The crowd are stunned silent, 'is this part of the act?', a moment or two passes, then stray body parts start to fall into the crowd, and a sudden gust of wind sprays blood into their faces. A leg lands on Edna Schultz's water cooler, a severed head lands on a barbecue, a torn bible lands on the bonnet of a Mustang. Suddenly the mood, as it so often does on occasions such as these, turns sour. Mothers are screaming, men are firing their pistols into the air, babies are crying, topless girls are praying in a prostrate position, dogs are rabidly fighting over this adored politician's haggard remains.

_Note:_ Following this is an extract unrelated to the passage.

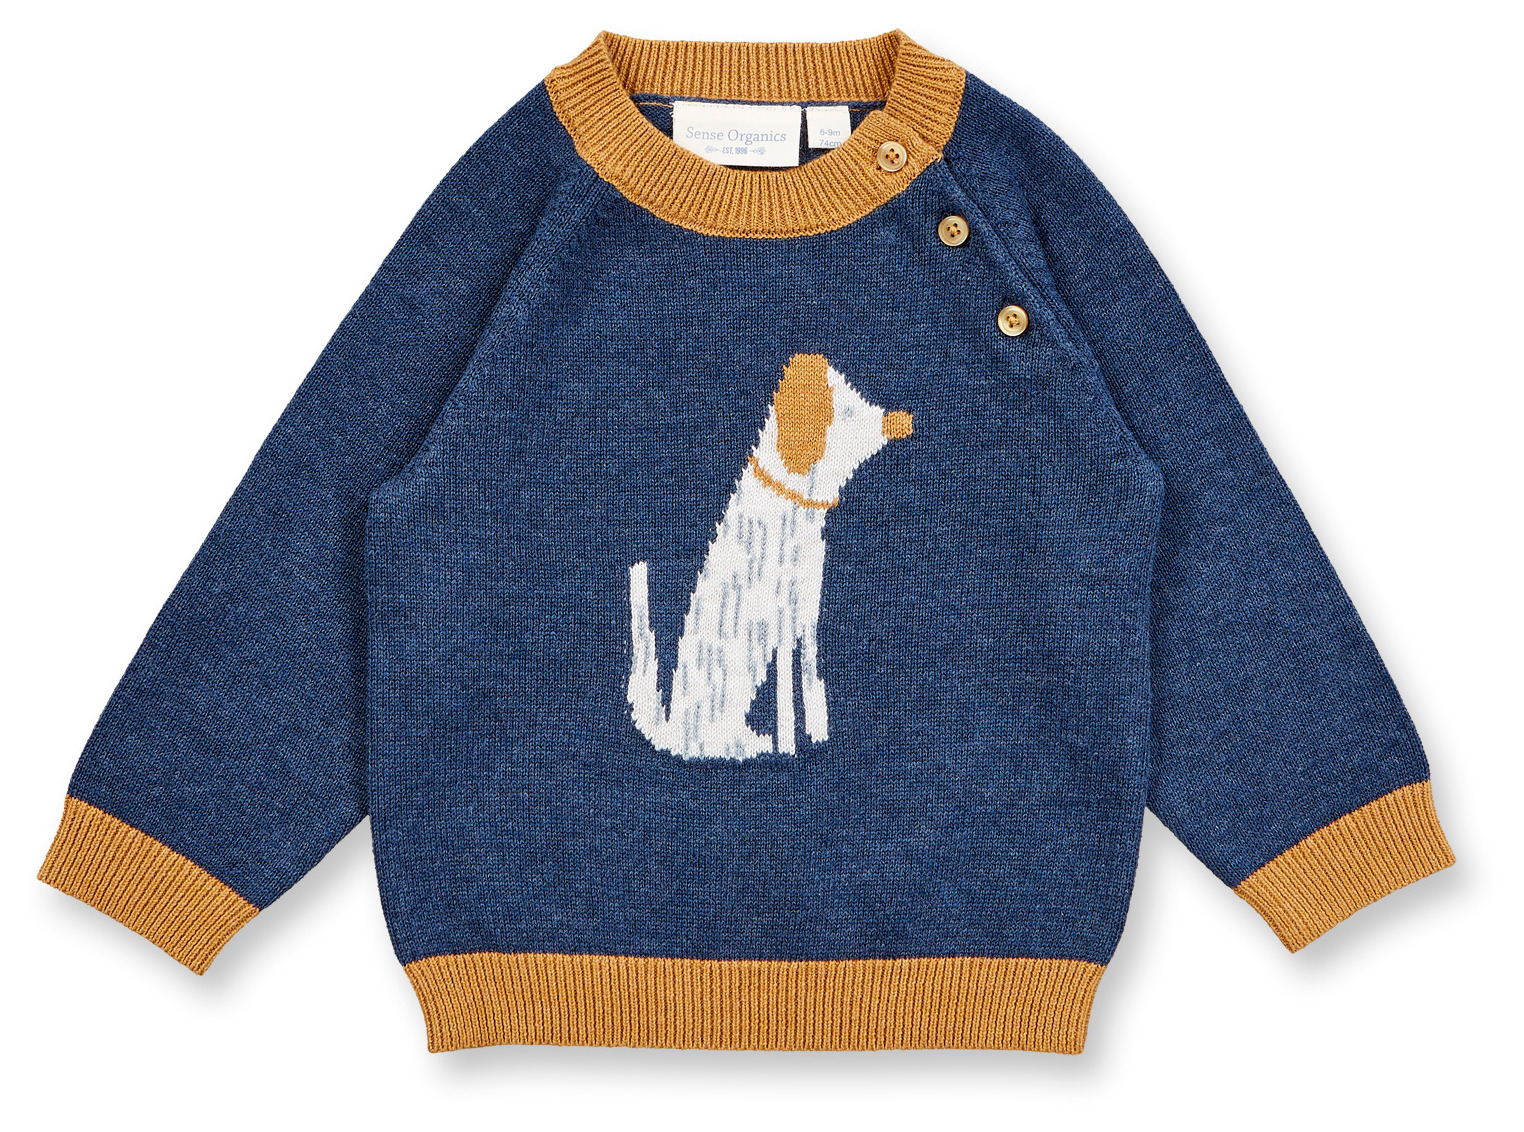 Sense Organic Baby Knitted Sweater Dark Blue Dog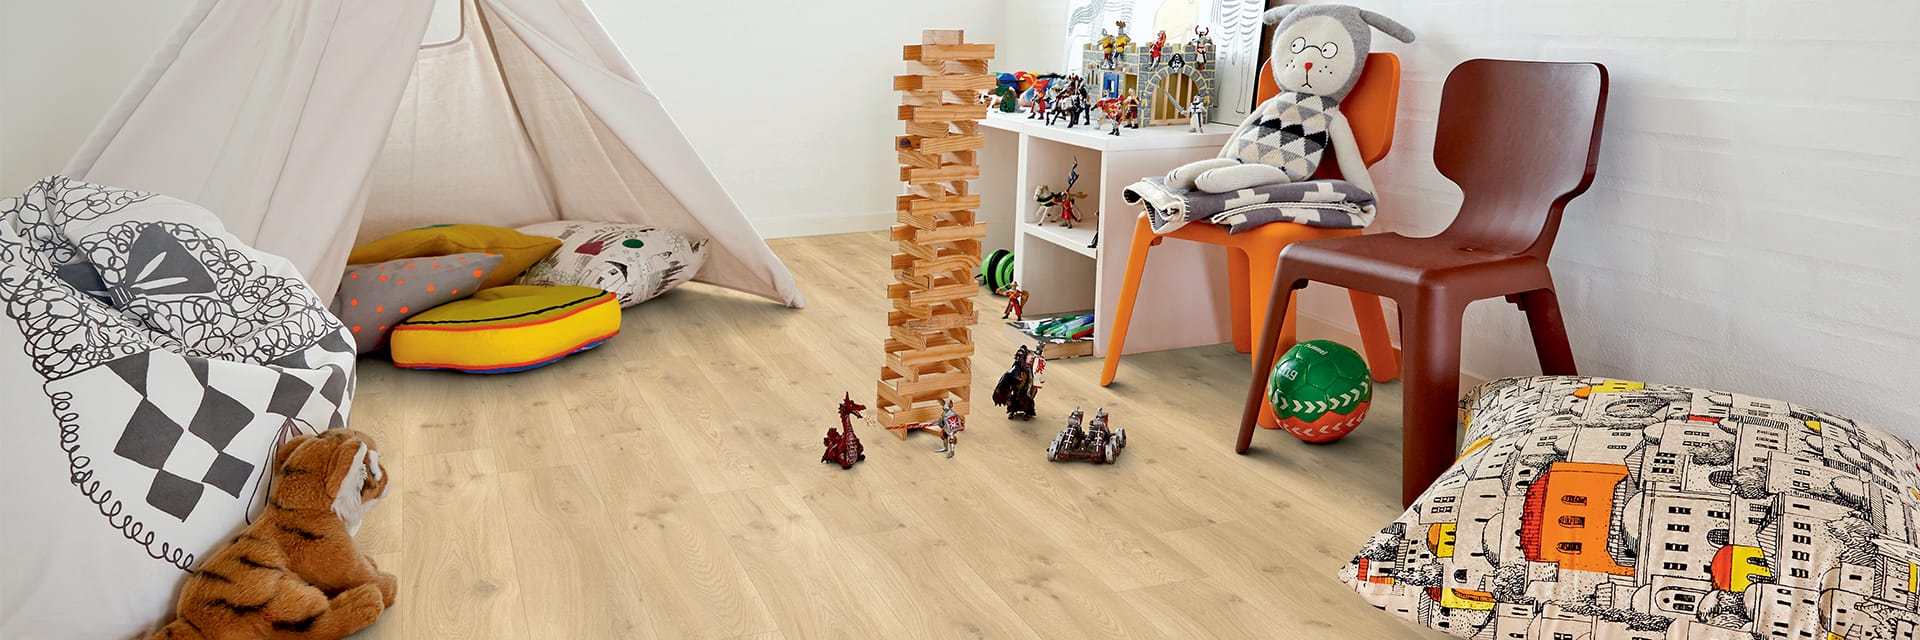 детская комната с игрушками, лежащими на бежевом

A man, soaked in blood and wearing a glazed expression upon his face, picks up the severed head of State Senator Vaughan Eagles, walks onto the stage and up to the microphone, "howl! howl! howl!" he cries, "God is dead!" He places the head down on the stage, as the purple-sequined bra floats down and covers it.
This is Upwing politics, a new brand of politics, and a particularly grizzly one if I may say so myself. Let us hope it doesn't make it's way across the Atlantic to Britain, but, then again, maybe it already has.